Progressives are not dangerous because they are duplicitous. They are dangerous because they are in earnest. Like every group of fanatics before them, closing their eyes to the results of their actions and choosing their own fantasies over evidence they might have otherwise seen, they believe their actions are the only morally justifiable actions. They believe they are the good.

These people are glutting themselves on our wealth.

/stating the obvious since ’69.

Axe on February 6, 2013 at 8:07 PM

Here’s bold: Build the Keystone pipeline and drill for more oil, ’cause it certainly doesn’t help to get roads rebuilt and repaired when the price of oil has doubled, like it has these last four years.

Dusty on February 6, 2013 at 8:11 PM

Here’s bold: Reform entitlements so it frees up the money we used to have to keep the roads in good repair. If we has fewer freeloaders, like we used to have when we built the interstate system, we’d be a lot better off.

Dusty on February 6, 2013 at 8:15 PM

LaHood was the rep for my district and he was fairly conservative. Then he got tapped by Obama and just like everything Obama touches… well you know how that story ends.

iceman1960 on February 6, 2013 at 8:48 PM

“America is one big pothole right now,” LaHood said in an interview on “The Diane Rehm Show” on National Public Radio.

Yes, and he is on record as saying that as SecTrans his job was to “coerce Americans out of their cars and onto public transportation”.

Leaving aside the issue of any Cabinet Secretary saying his job is to “coerce” Americans into doing anything, I would think he’d be in favor of a dysfunctional National Highway system.
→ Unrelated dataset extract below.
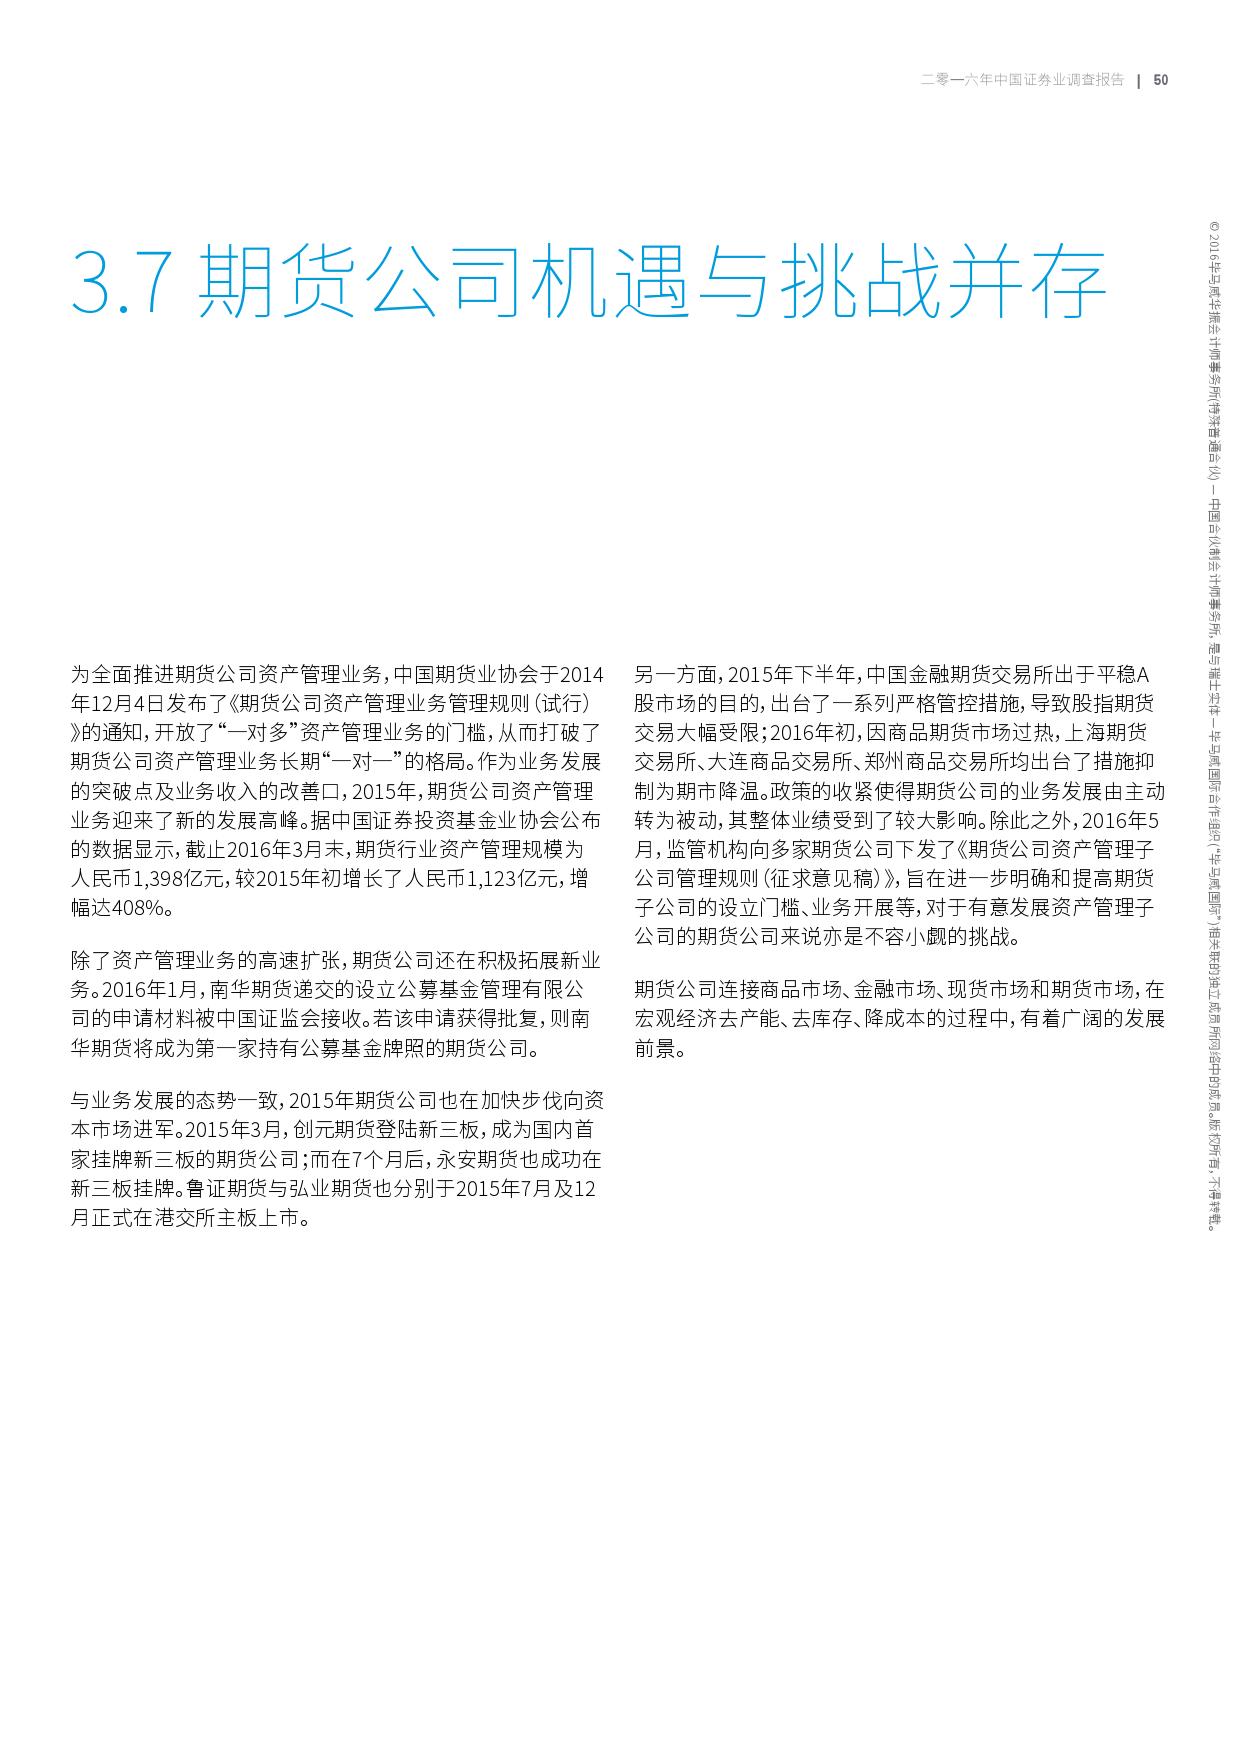 2016年中国证券业调查报告_000053

The less usable it is, the more people have to resort to “high-speed rail” if they don’t want to fly.

Of course, it makes moving goods (logistics) much more difficult, but in the Obama Age of Less for More that is no doubt considered good thing, too. You know, adversity builds character and obedience to your betters, and all that.

Moral; If you give a progressive what they want, they will be like Captain Renault (Claude Rains) in Casablanca; utterly shocked when the inevitable consequences of their actions, or inactions, hit them in the face.

Of course, also like the good capitaine’, they will immediately “round up the usual suspects”, i.e. blame everybody else. Which is exactly what LaHood is doing here.

clear ether

eon

eon on February 6, 2013 at 8:52 PM

Oh America!
As we say to Ray Lahood
Love it or leave it!

I am so sick and tired of the “everybody else does (fill in the blank) better than we do.” I have driven on highways all over the world, and none come close in terms of design and built-in safety to the typical US Interstate Highway. Drive down any Interstate, and look for something you can hit solidly with your car. Every pole, every tree, every bridge abutment, every signpost has extensive guarding. They really are masterpieces of engineering.

Compare that to the death trap Paris tunnel where Princess Diana met her grisly end. Huge pillars right at the roadside, without so much as a traffic cone to keep people from hitting them head-on. Even after the most famous auto accident in the history of the World, the French has still not done anything about the situation in that damn tunnel.